Y. Arpa is a Swiss watch designer. He started his career as a mathematics professor who, after participating in professional martial art combats in Thailand and crossing Papua New Guinea by foot, came back to his roots in Switzerland.

In 1997, he joined the Richemont Group for Baume & Mercier as the Managing Director for Switzerland and as 
Sales Director for Europe and Asia.

From 2002 to 2006 he acted as the Managing Director for Hublot participating in the launch of the Big Bang.

From 2006 to 2009 he was the CEO of Romain Jerome introducing watches with rusted steel from the Titanic or real moon dust.
 	
In 2009 Yvan Arpa created his own company called Luxury Artpieces for which he launched the brands below :

-Black Belt Watch is inspired by the seven virtues, the samurai code of conduct, associated with the Bushido warrior.
The brand proposes also a watch only for people who defends a black belt in Martial Arts.

-ArtyA : The brand is characterized by the unconventional raw materials it uses as butterfly wings, real bullets, fossilized dinosaur droppings, real spiders, boxes struck by lightning, tobacco leaves etc.

From 2010 to 2011, he acted as COO of Jacob&Co.

At Basel World 2013, he launched Spero Lucem, named in honor of his birth city Geneva.
For this brand, Yvan Arpa also created some pens and some knives.

At last, Yvan Arpa personalized a motorbike, which took more than 1'000 hours to sculpt and customize, with heavy artillery incrusted at the back, in the shape of a XXL shaped bullet belt.

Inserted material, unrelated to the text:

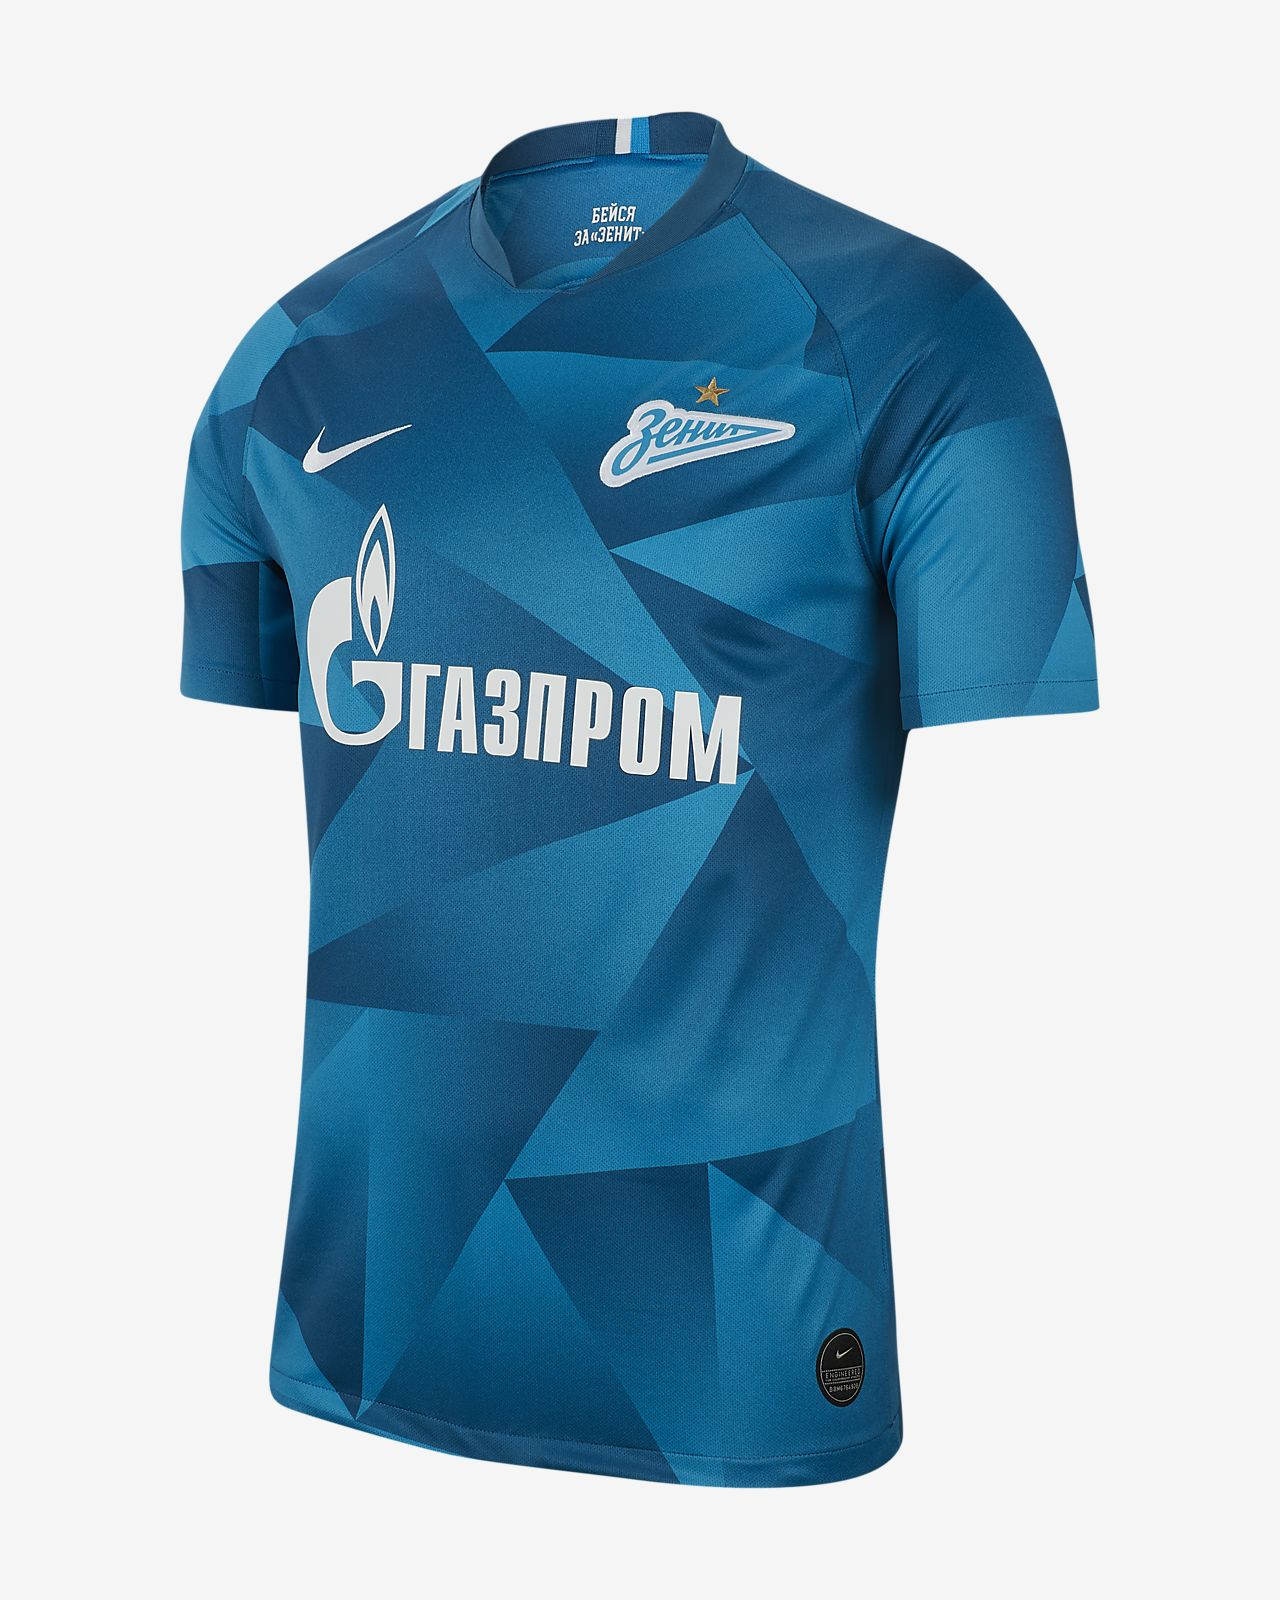 Zenit Saint Petersburg 2019/20 Stadium Home Samarreta de futbol - Home

In 2016, Yvan Arpa designed the smartwatch Gear S3 for Samsung, which is the first smartwatch using high-end watchmaking codes.
He also presents the Samsung Gear S3 in Berlin, at its International Launch Event.

According to hodinkee and due to his incredible life history "Yvan Arpa is a strong candidate to be the Most interesting Man in the World, Swiss Edition"

In 2017, Yvan Arpa joined Pascal Meyer, director of the website Qoqa. From their union, the watch Magma  was born, entirely “swiss made”  respecting the codes of fine watchmaking. 
Particularity: they possess a plate issued of 5 iconics watches from swiss watchmaking.

References 

Living people
Swiss chief executives
Chief operating officers
Year of birth missing (living people)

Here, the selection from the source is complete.